Concurrent Discourse Relations ALTA 2013 Keynote Presentation

The Penn Discourse Treebank (PDTB) was released to the public in 2008 and remains the largest corpus of manually annotated discourse relations — both relations that are signaled explicitly (e.g., by a coordinating or subordinating conjunction, or by a discourse adverbial or other construction) and ones that otherwise appear implicit. The Penn Discourse TreeBank also diverges from other discourse-annotated corpora in permitting more than one discourse relation to be annotated as holding concurrently. Annotators could indicate this by assigning multiple sense labels to an explicit connective. Or, in those cases where adjacent sentences had no explicit connective, annotators could indicate concurrent discourse relations by either annotating a single implicit connective that concurrently conveyed multiple senses or annotating multiple implicit connectives, each conveying one of the concurrent relation(s).
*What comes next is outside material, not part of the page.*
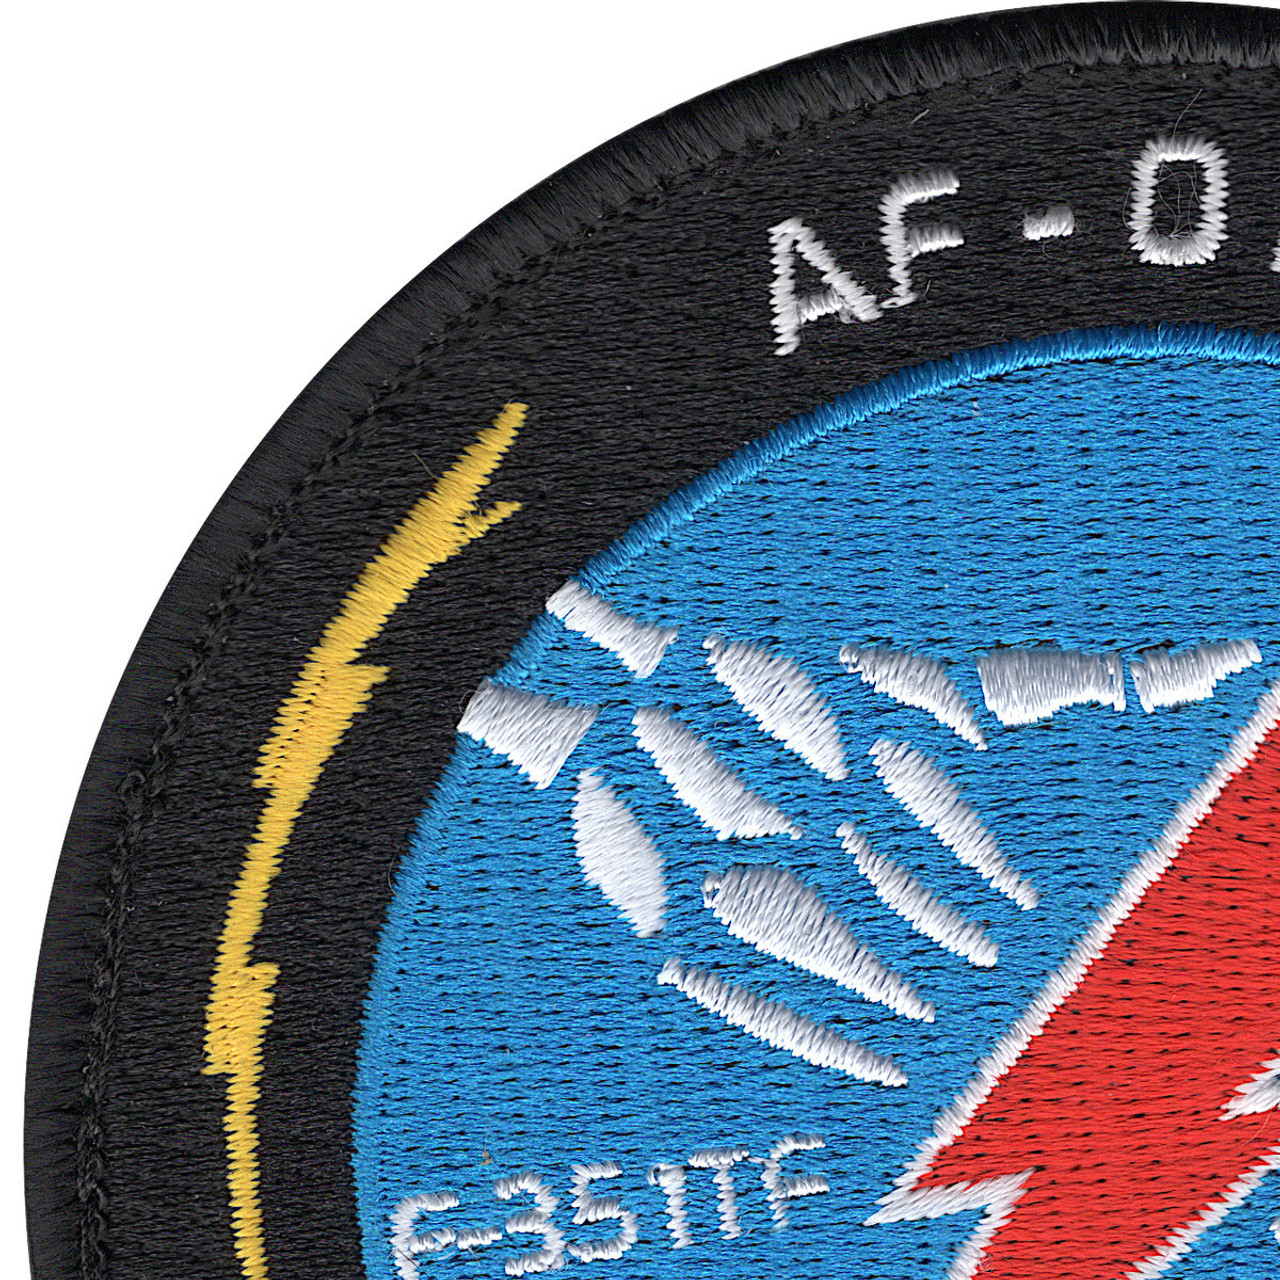 USAF AF-01 F-35 Integrated Test Force HOOK& LOOP EDWARDS AFB MILITARY PATCH 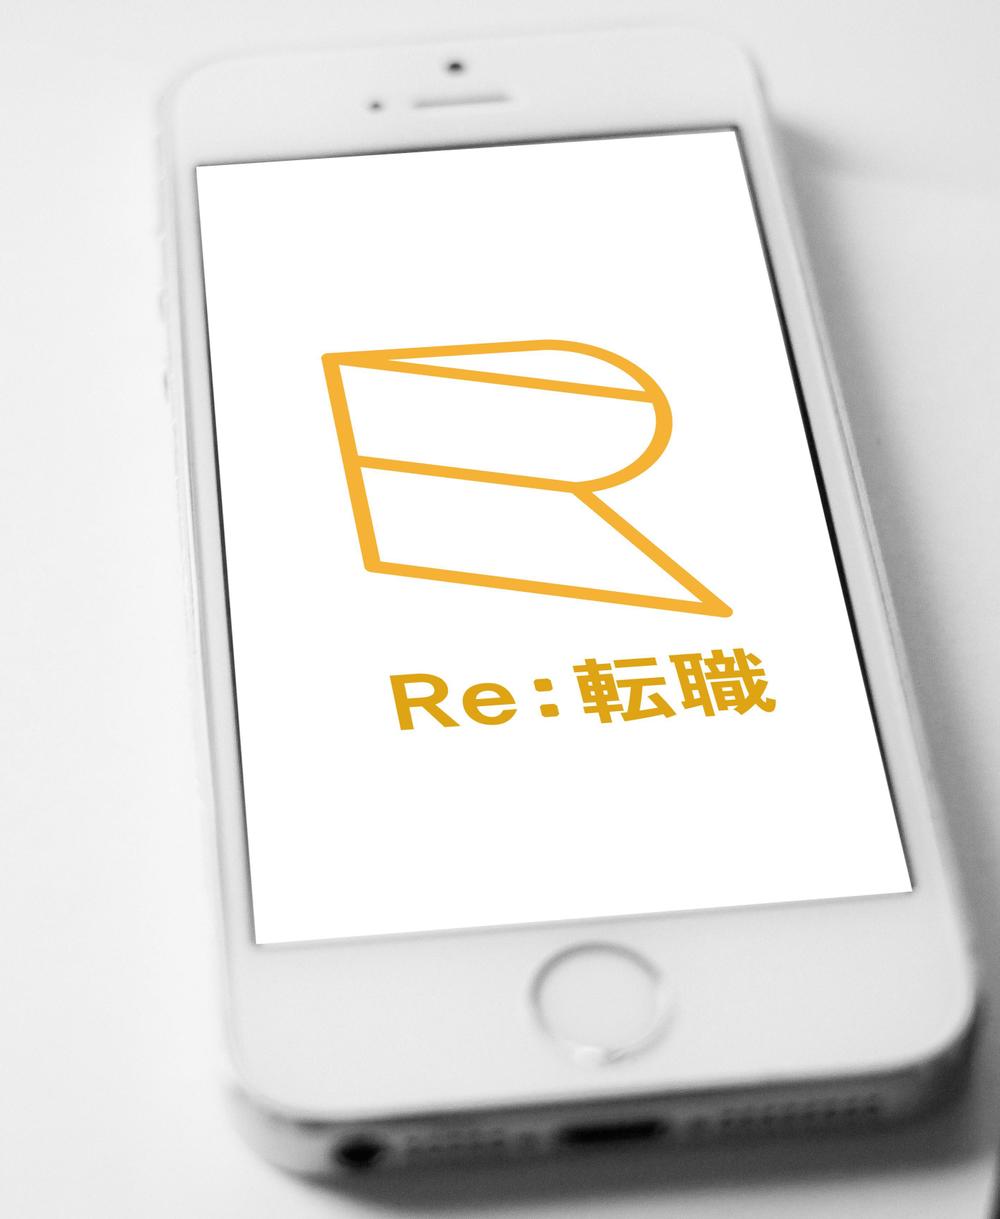 RE（リサイクル・リユース・リフォーム）ビジネス特化の転職サイト、「Re:転職」のロゴ

Subsequent experiments carried out using Mechanical Turk showed that, when a discourse adverbial explicitly signalled a discourse relation, there was often a separate concurrent relation that could be associated with an implicit coordinating or subordinating conjunction. There are different circumstances in which different sets of concurrent discourse relations are taken to hold. I will go through these, and conclude with what I take the implications of this to be for various language technologies, including statistical machine translation.